Del Potro had earlier chanted from the same hymnbook after he’d finished off Gregor Zemlja in Vienna: ‘I also look forward to London. I’m looking better to qualify there. We have two big tournaments coming next week.  They have the chance to get points also, so it will be very interesting to see how we are going.’ It is the universal language of the sports star, in which nothing of interest can be said, even by accident. It’s a factory-packaged lexicon designed to ensure that even nice young men with hearts of gold speaking in their second language can all sound mostly interchangeable. The conceit of the interview is that it helps us connect with the players, whose astounding physical gifts can otherwise make them seem remote. The irony is that they have learned the hard way that it is in their interests to all sound more or less the same. Connecting with them is the last thing that is likely. You could take any of the winner’s statements from any of yesterday’s finals, and with only minor alterations there would be no way of knowing who said what.

Luckily, these gifted men are paid the big bucks to do more than talk about tennis. They also play it, and on court they’re permitted far more scope for self-expression. In the Vienna final del Potro as ever chose express himself via blasted forehands and huge first serves up the T. The only dicey moment came early in the first set when he dropped serve, but after Zemlja essentially broke himself back del Potro’s sailing grew relatively plain. Still, it was a tremendous week for the Slovenian, who qualified and then beat Tommy Haas and Tipsarevic on his way to the final. If you haven’t seen Zemlja play he is well worth a look, with an attacking yet utterly unglamorous disposition and a decent turn of speed. He’ll go back to expressing himself on the Challenger circuit for the rest of this year, but I cannot doubt he’ll feature more regularly on the main tour in the years to come. His new ranking is No.50.

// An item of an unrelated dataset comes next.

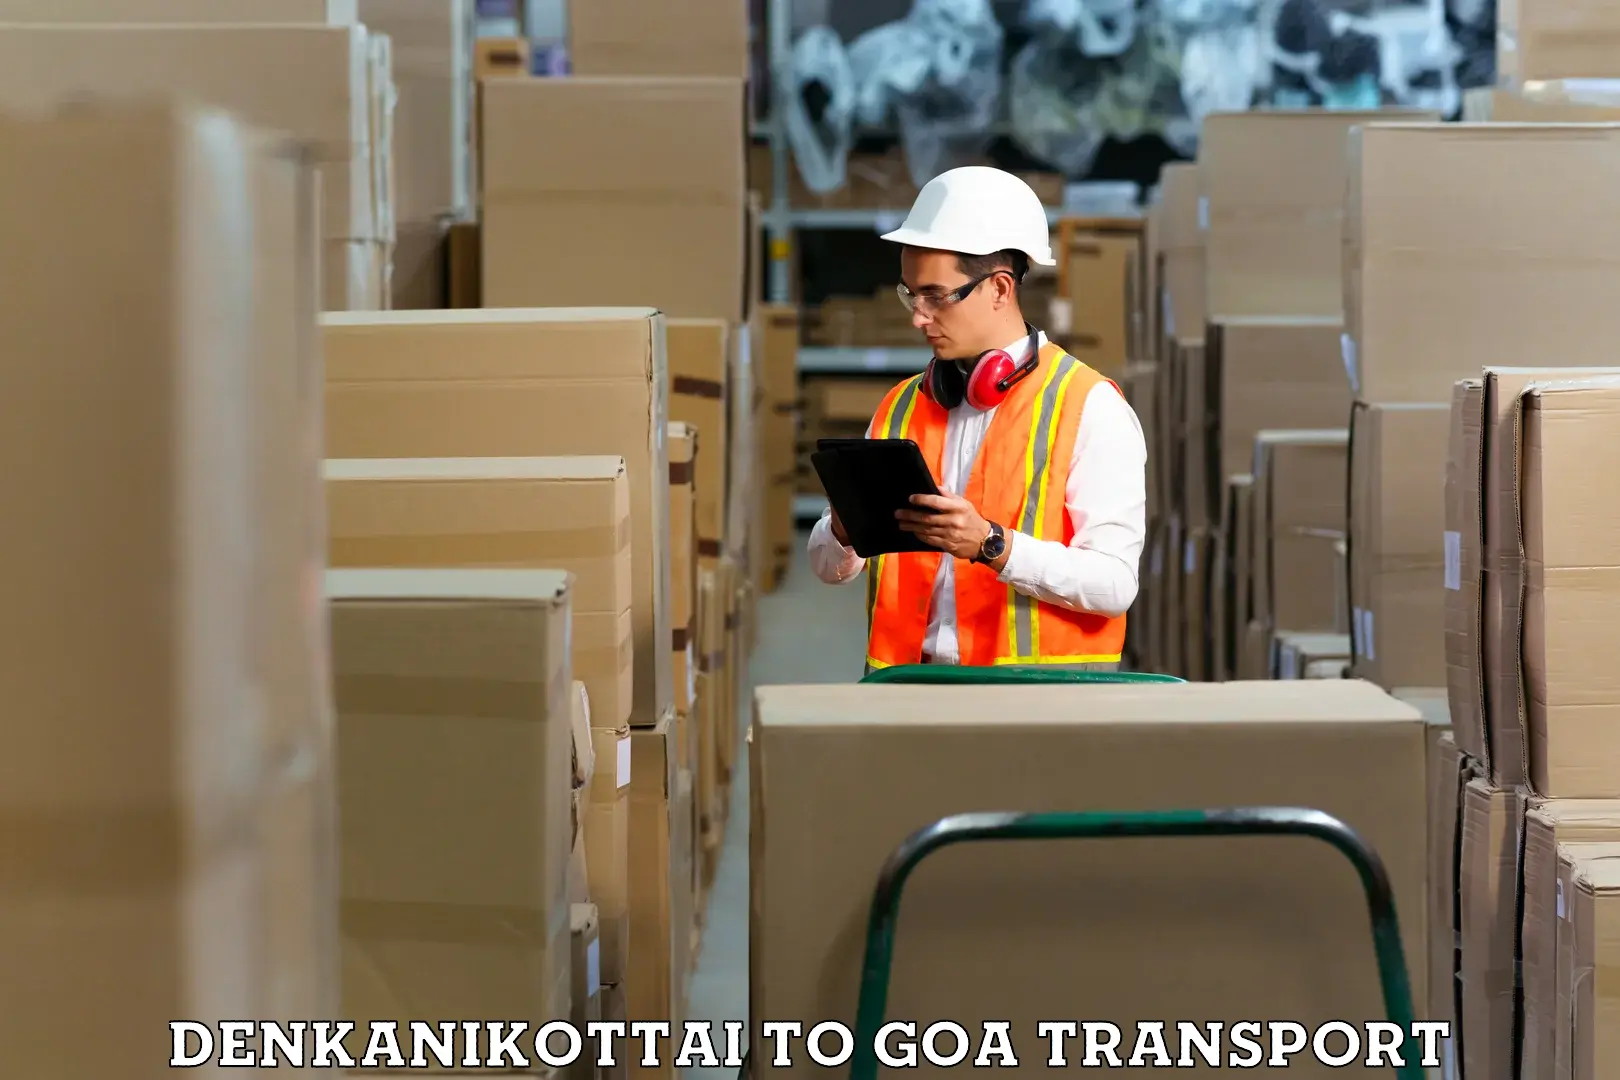 Transport bike from one state to another Denkanikottai to Goa

Here in my fearsome command bunker, my burly henchman, or henchdog, had long since retired to his bed, and my coffee had grown cold and, it turned out, even less drinkable. I love the European Indoors – it’s in Europe, and it’s indoor – but that squalid ache of exhausted eye-balls and the tart tang of too much caffeine was wearyingly familiar. It’s the feeling all super-villains experience before they too retire to sleep.